In: Statistics and Probability
A study investigated the relationship between audit delay (Delay), the length of time from a company's fiscal year-end to the date of the auditor's report, and variables that describe the client and the auditor. The independent variables are as follows.
Industry A dummy variable coded 1 if the firm was an industrial company or 0 if the firm was a bank, savings and loan, or insurance company.
Public A dummy variable coded 1 if the company was traded on an organized exchange or over the counter; otherwise coded 0.
Quality A measure of overall quality of internal controls, as judged by the auditor, on a five-point scale ranging from "virtually none" (1) to "excellent" (5).
Finished A measure ranging from 1 to 4, as judged by the auditor, where 1 indicates "all work performed subsequent to year-end" and 4 indicates "most work performed prior to year-end."
A sample of 40 companies provided the following data.
Delay | Industry | Public | Quality | Finished |
62 | 0 | 0 | 3 | 1 |
45 | 0 | 1 | 3 | 3 |
54 | 0 | 0 | 2 | 2 |
71 | 0 | 1 | 1 | 2 |
91 | 0 | 0 | 1 | 1 |
62 | 0 | 0 | 4 | 4 |
61 | 0 | 0 | 3 | 2 |
69 | 0 | 1 | 5 | 2 |
80 | 0 | 0 | 1 | 1 |
52 | 0 | 0 | 5 | 3 |
47 | 0 | 0 | 3 | 2 |
65 | 0 | 1 | 2 | 3 |
60 | 0 | 0 | 1 | 3 |
81 | 1 | 0 | 1 | 2 |
73 | 1 | 0 | 2 | 2 |
89 | 1 | 0 | 2 | 1 |
71 | 1 | 0 | 5 | 4 |
76 | 1 | 0 | 2 | 2 |
68 | 1 | 0 | 1 | 2 |
68 | 1 | 0 | 5 | 2 |
86 | 1 | 0 | 2 | 2 |
76 | 1 | 1 | 3 | 1 |
67 | 1 | 0 | 2 | 3 |
57 | 1 | 0 | 4 | 2 |
55 | 1 | 1 | 3 | 2 |
54 | 1 | 0 | 5 | 2 |
69 | 1 | 0 | 3 | 3 |
82 | 1 | 0 | 5 | 1 |
94 | 1 | 0 | 1 | 1 |
74 | 1 | 1 | 5 | 2 |
75 | 1 | 1 | 4 | 3 |
69 | 1 | 0 | 2 | 2 |
71 | 1 | 0 | 4 | 4 |
79 | 1 | 0 | 5 | 2 |
80 | 1 | 0 | 1 | 4 |
91 | 1 | 0 | 4 | 1 |
92 | 1 | 0 | 1 | 4 |
46 | 1 | 1 | 4 | 3 |
72 | 1 | 0 | 5 | 2 |
85 | 1 | 0 | 5 | 1 |
Enter negative values as negative, if necessary.
a. Develop the estimated regression equation using all four independent variables (to 3 decimals, if necessary).

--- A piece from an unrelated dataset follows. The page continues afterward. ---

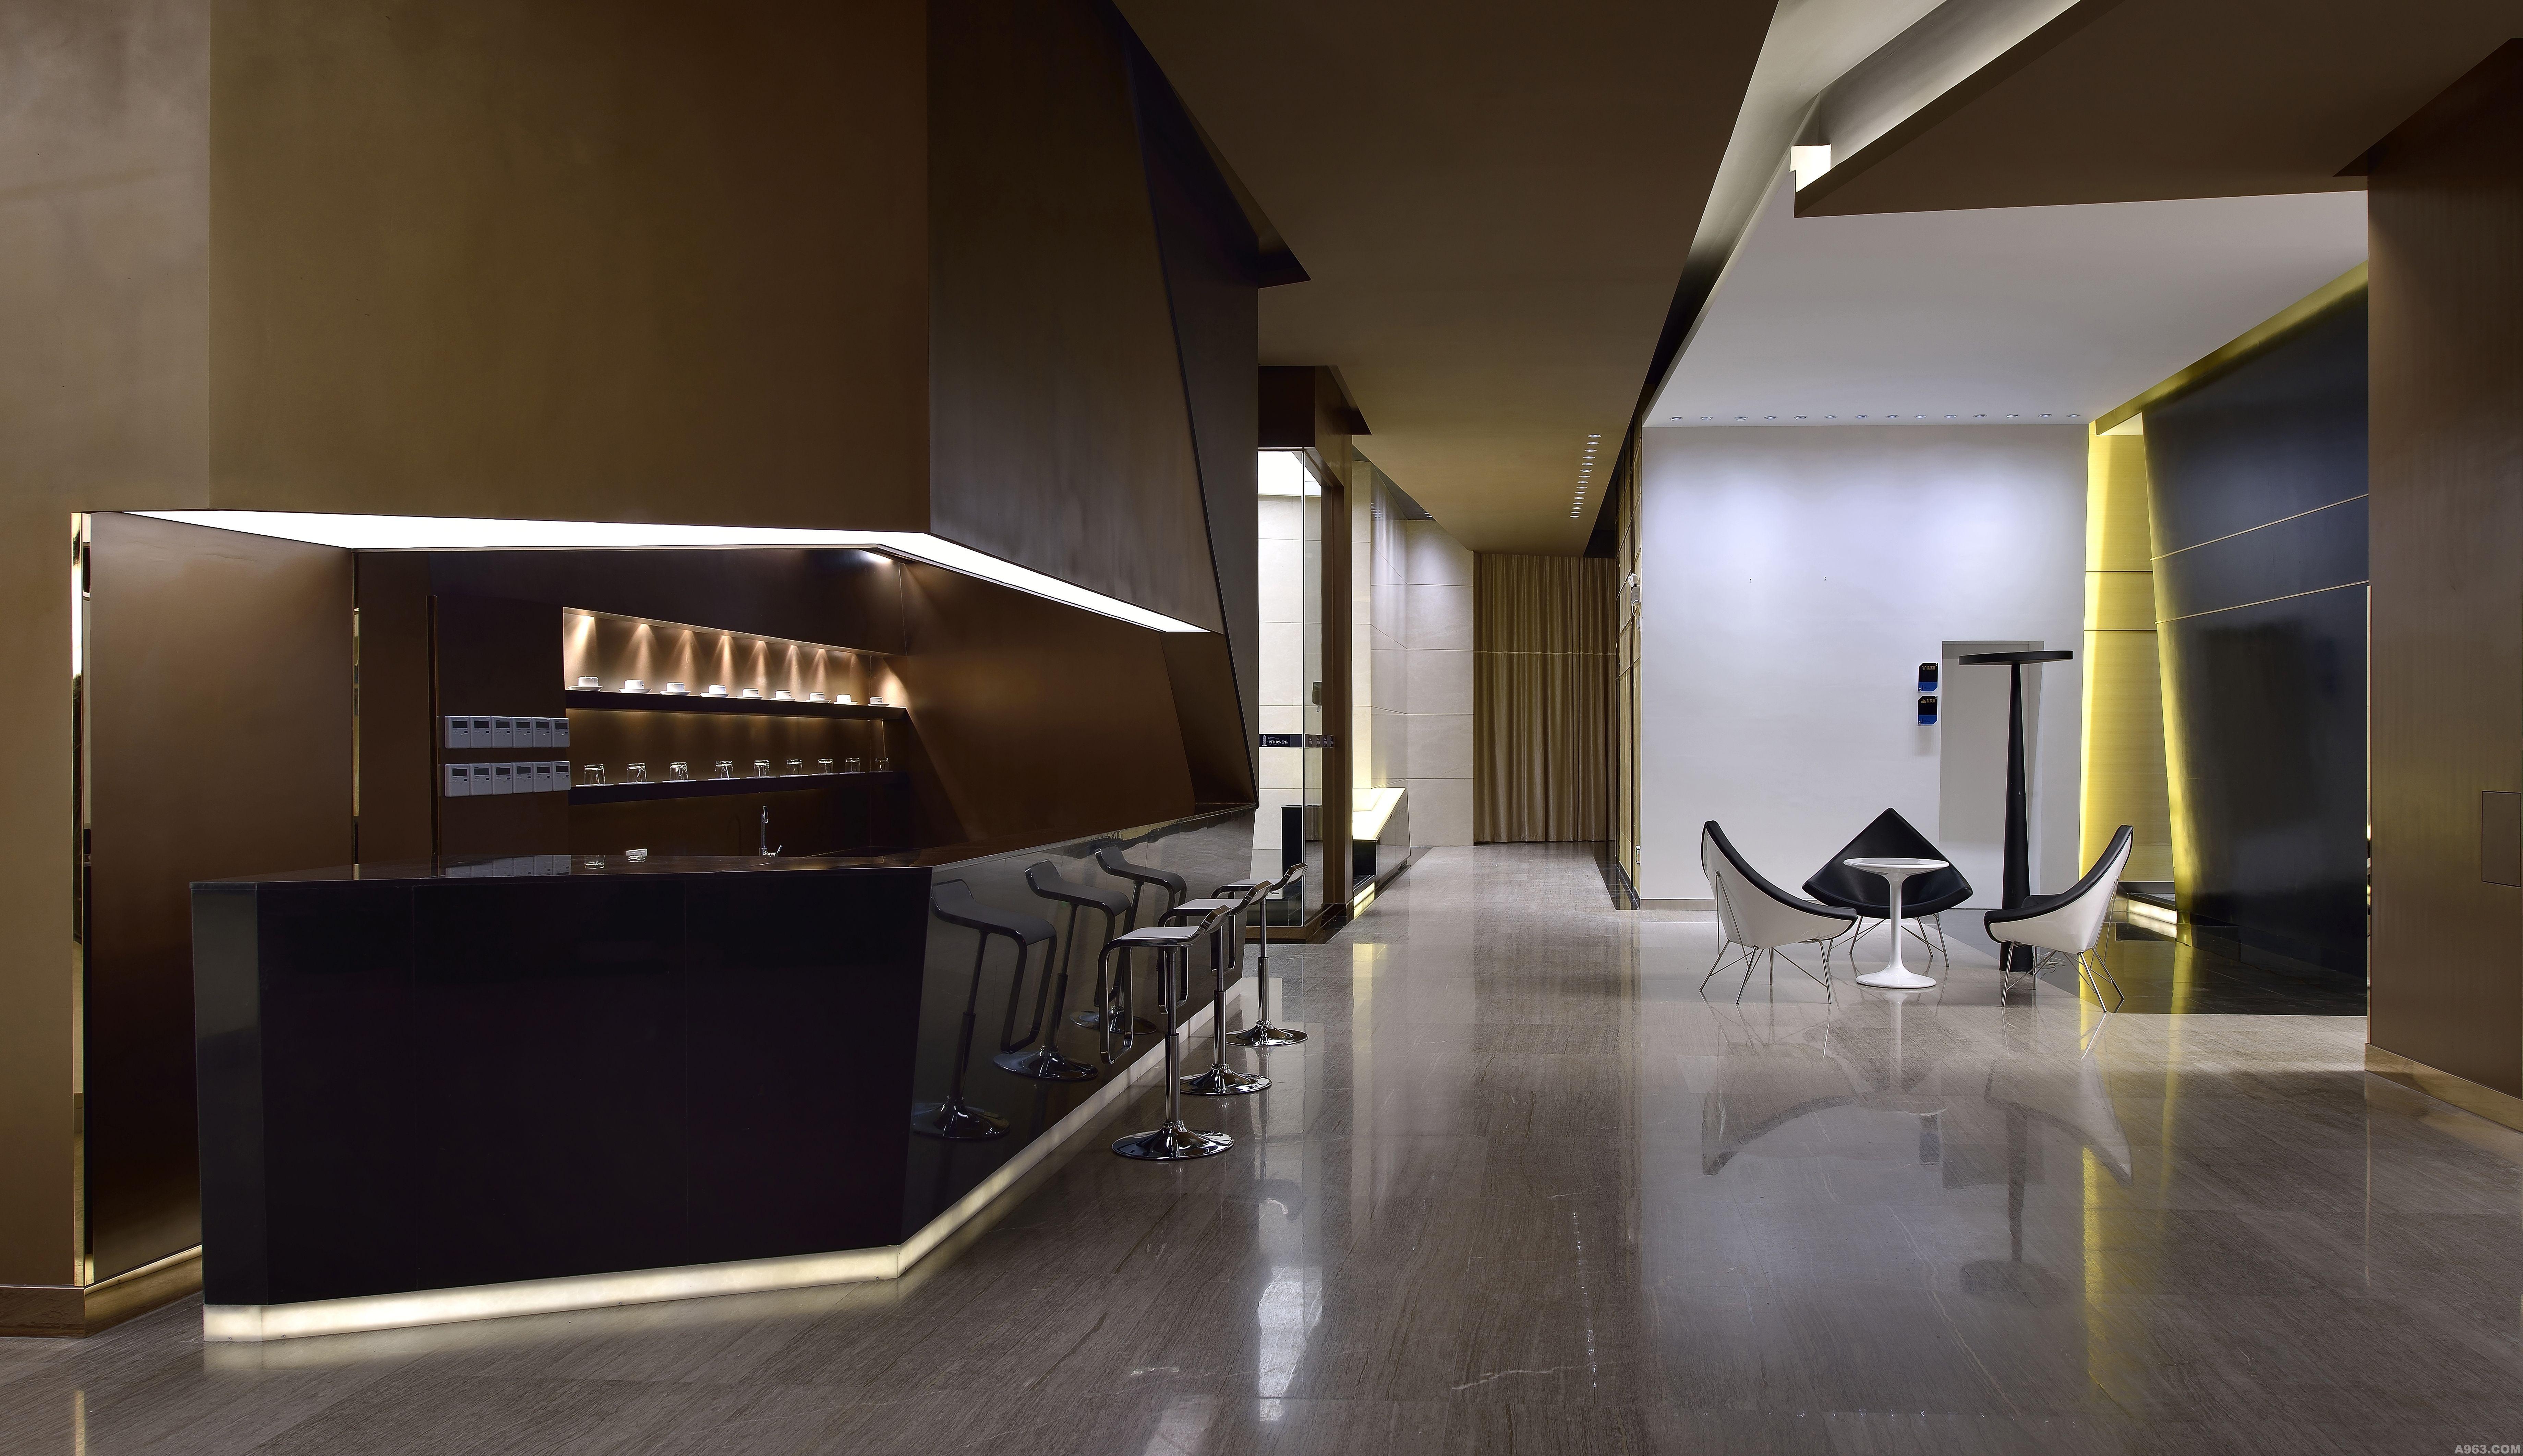 宇洋中央金座 - 商业空间 - 福州室内设计网_福州室内

Delay = -------- + -------- Industry + ------- Public + ------- Quality + -----------Finished .
b. What is the value of the coefficient of determination (to 3 decimals)? Note: report R 2 between 0 and 1.

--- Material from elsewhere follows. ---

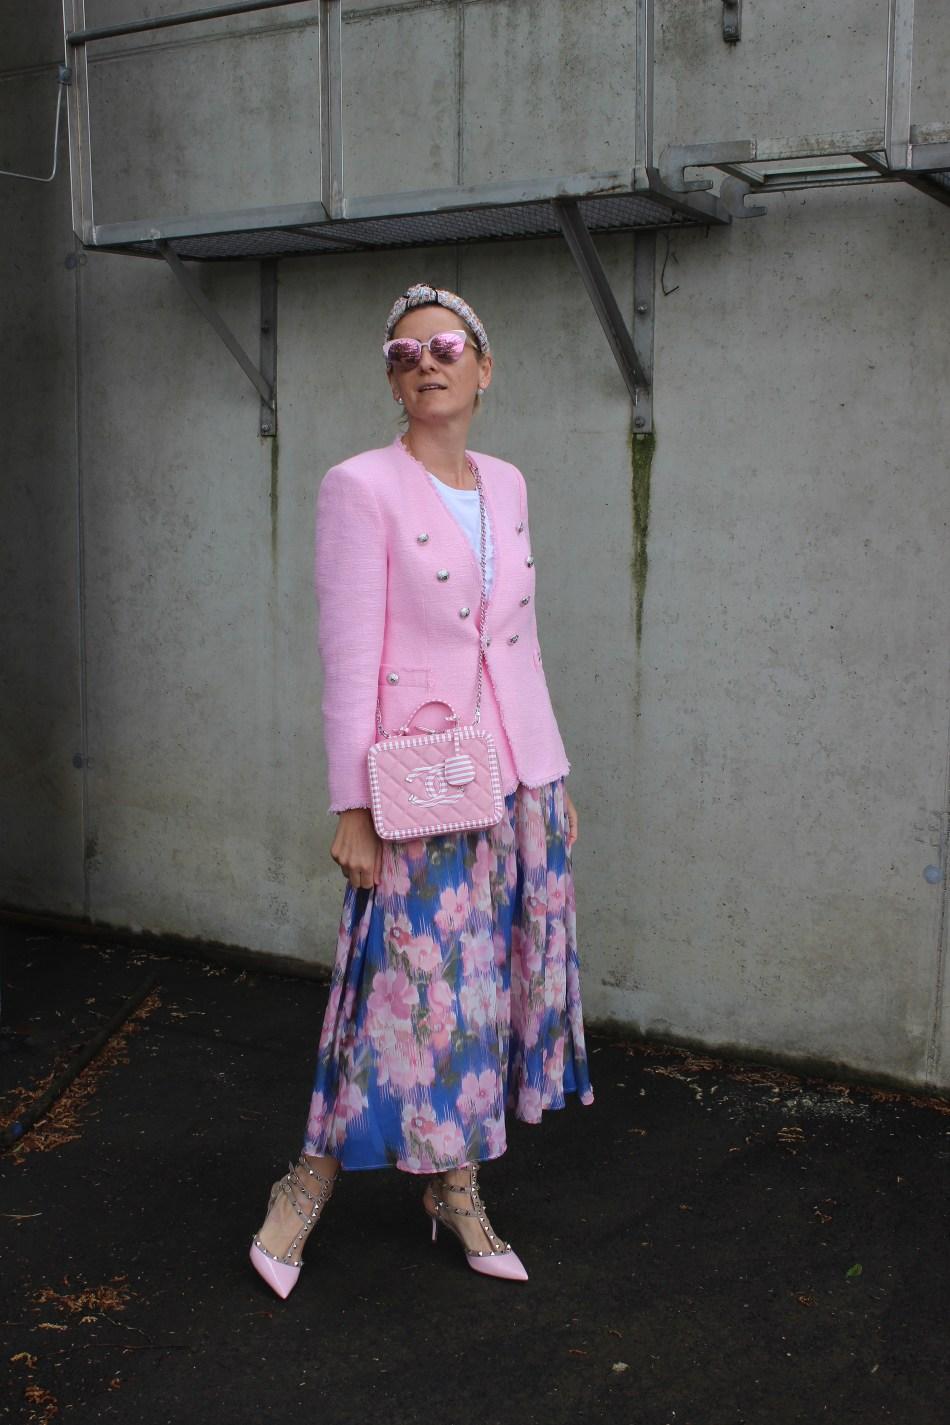 Blumenprint-Midiskirt-Floralprint-Tweed-Jacke-Blazer-Chanel-Tasche-Springfashion-Springoutfit-carrieslifestyle-Tamara-Prutsch

Did the estimated regression equation in part (a) provide a good fit?
c. Which of the following is a scatter diagram for showing Delay as a function of Finished? What does this scatter diagram indicate about the relationship between Delay and Finished?
The scatter diagram of Delay and Finishing suggests exists between these two variables. Add Finished-Squared as a fifth independent variable. Use best subsets regression procedure to answer the following question.
Which independent variables provide the best regression model if two independent variables are in the model?
Which independent variables provides the best regression model if three independent variables are in the model?
d. Using the best subset regression procedure, how many independent variables are in the highest adjusted R 2 model?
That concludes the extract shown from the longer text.